Reads were processed using the Cell Ranger 2.1.0 pipeline with the default and recommended parameters. FASTQs generated from Illumina sequencing output were aligned to the mouse genome, version GRCm38, using the STAR algorithm. Next, gene-barcode matrices were generated for each individual sample by counting UMIs and filtering non-cell-associated barcodes. Finally, we generated a gene-barcode matrix containing the barcoded cells and gene expression counts. This output was then imported into the Seurat (v2.3.0) R toolkit for quality control and downstream analysis of our single-cell RNA-seq data. All functions were run with default parameters unless specified otherwise. We excluded cells with fewer than 200 or more than 6000 detected genes (where each gene had to have at least one UMI aligned in at least three cells). The expression of mitochondrial genes was calculated using the PercentageFeatureSet function of the Seurat package. To remove low-activity cells, cells with more than 10% expression of mitochondrial genes were excluded. The normalized data (normalizeData function in the Seurat package) were used to extract a subset of variable genes. Variable genes were identified while controlling for the strong relationship between variability and average expression. Next, we integrated data from different samples after identifying ‘anchors’ between datasets using FindIntegrationAnchors and IntegrateData in the seurat package. Then, we performed principal component analysis (PCA) and reduced the data to the top 30 PCA components after scaling the data. We visualized the clusters on a 2D map produced with t-distributed stochastic neighbour embedding (t-SNE).

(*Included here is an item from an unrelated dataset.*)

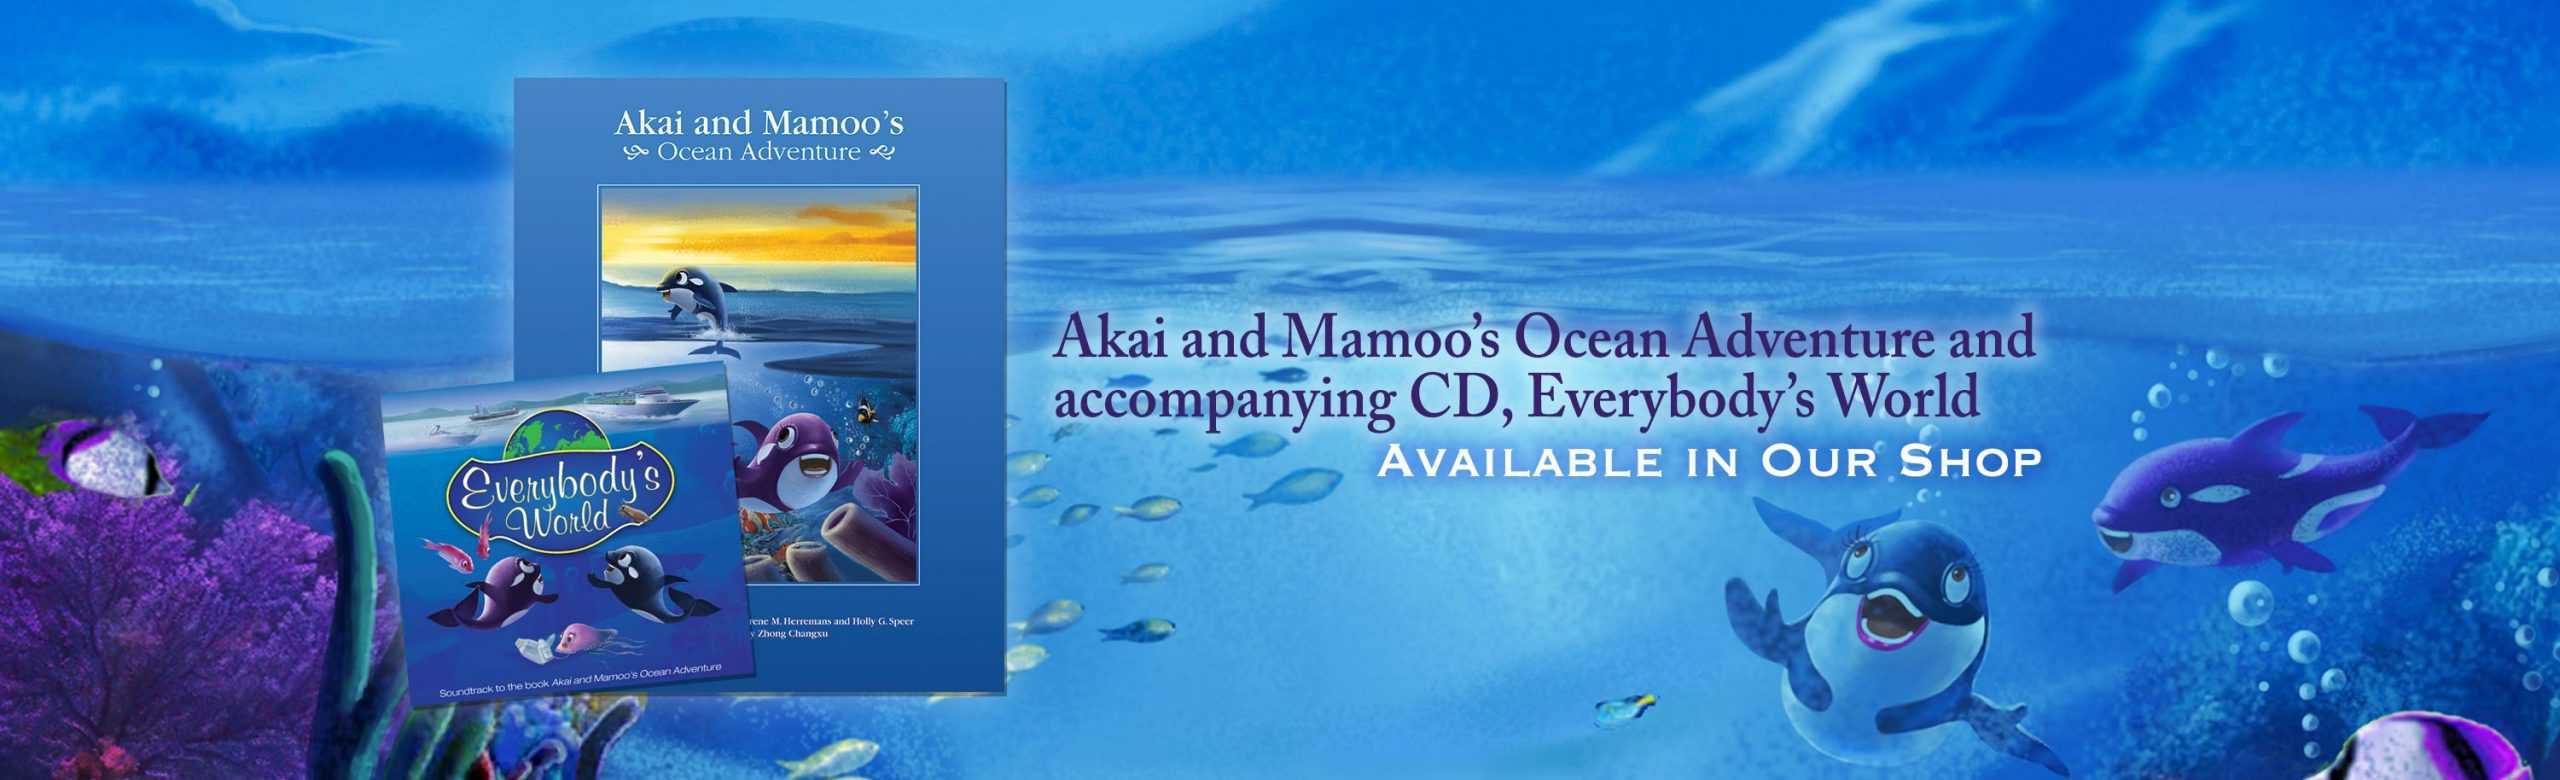 Akai and Mamoo-Book and CD available at Nature's Ride

Cells were clustered using graph-based clustering of the PCA reduced data with the Louvain method after computing a shared nearest neighbour graph. For subclustering, we applied the same procedure of scaling, dimensionality reduction, and clustering to the specific set of data (usually restricted to one type of cell). For each cluster, we used the Wilcoxon rank-sum test to find significant DEGs between the remaining clusters. SingleR and known marker genes were used to identify cell types.
Tissue samples from humans and mice were processed into paraffin sections and then subjected to mIHC. For mouse tissue, we utilized a multiplex fluorescence staining kit (abs50028, Absin). The experimental equipment, primary reagents and antibodies used can be found in Extended Data mIHC.